Mountain in Alaska, United States

Mount Yeatman is a 5670. ft mountain summit in Alaska, United States.

==Description==
Mount Yeatman is situated 8 mi north-northwest of Skagway and 5.4 mi west of Mount Carmack in the Boundary Ranges of the Coast Mountains. Precipitation runoff from the mountain drains into tributaries of the Taiya River. Although modest in elevation, relief is significant as the summit rises 5590. ft above the Taiya Valley in 2 mi. The Klondike Gold Rush National Historical Park and Chilkoot Trail lie at the eastern base of the mountain.

==Etymology==
The Klondike Gold Rush attracted thousands of new, inexperienced people to Northern Lynn Canal. As they attempted to strike it rich, they overran the landscape and the people already living there. Both the United States and Canada wanted to claim the port towns of Skagway and Dyea. In February 1898, the 14th Infantry sent soldiers and a Hospital Corps detachment to establish law and order in this wild frontier. Companies B, H, and the Hospital Corps went to Dyea, which lies immediately south of this mountain. Company B was led by Captain Richard T. Yeatman (1848–1930). The mountain was named in 1898 by John A. Flemer of the United States Coast and Geodetic Survey, and the toponym was officially adopted by the U.S. Board on Geographic Names.

==Climate==

Based on the Köppen climate classification, Mount Yeatman has a subarctic climate with cold, snowy winters, and cool summers.

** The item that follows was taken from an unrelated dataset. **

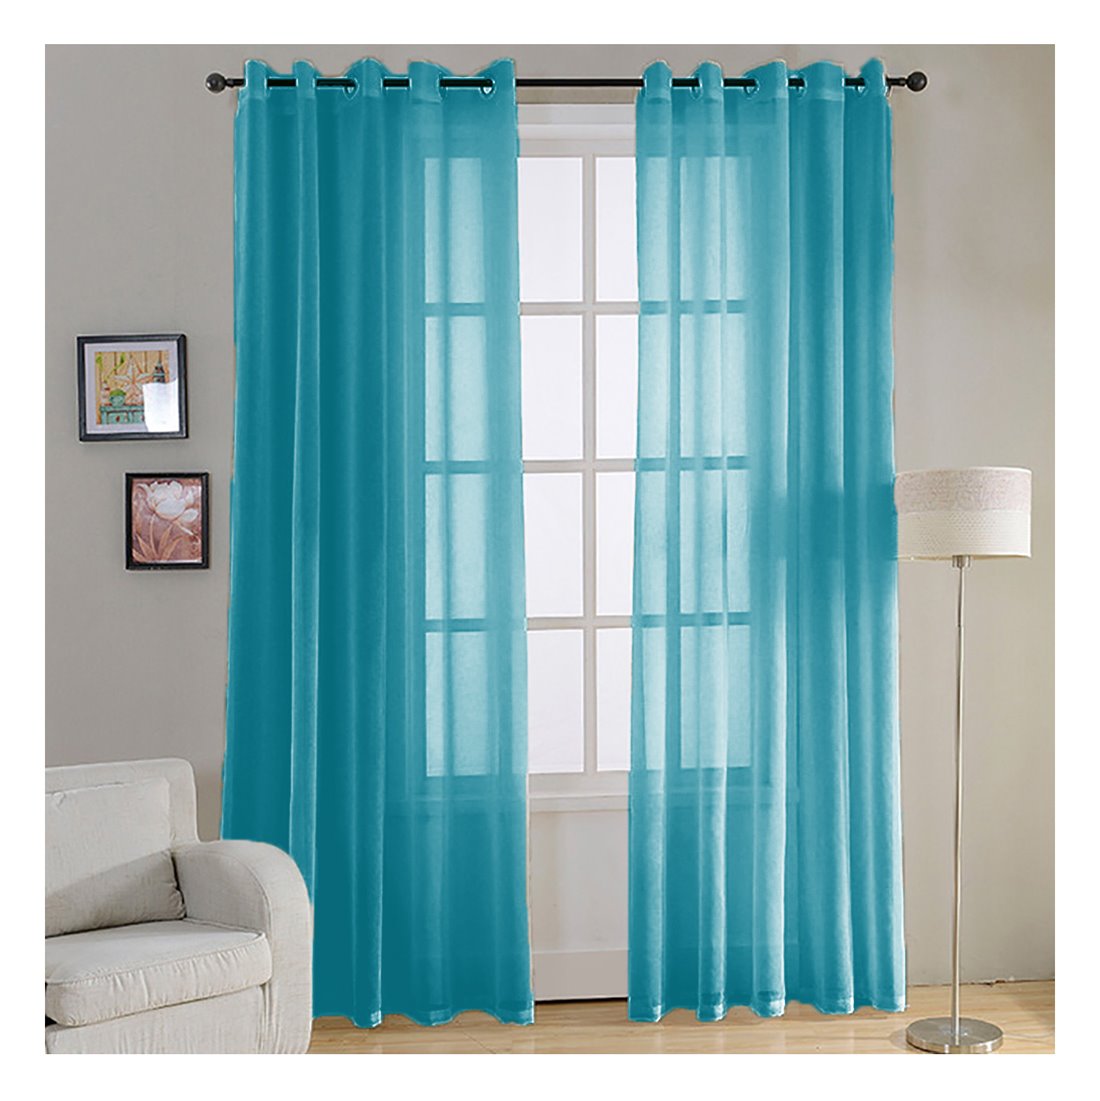 Compra barras de cortinas baratas online en tienda decoracion DCASA

Weather systems coming off the Gulf of Alaska are forced upwards by the Coast Mountains (orographic lift), causing heavy precipitation in the form of rainfall and snowfall. Winter temperatures can drop below 0 °F with wind chill factors below −10 °F. This climate supports the Irene Glacier on the northwest slope of this peak. The months May through July offer the most favorable weather for viewing or climbing Mount Yeatman.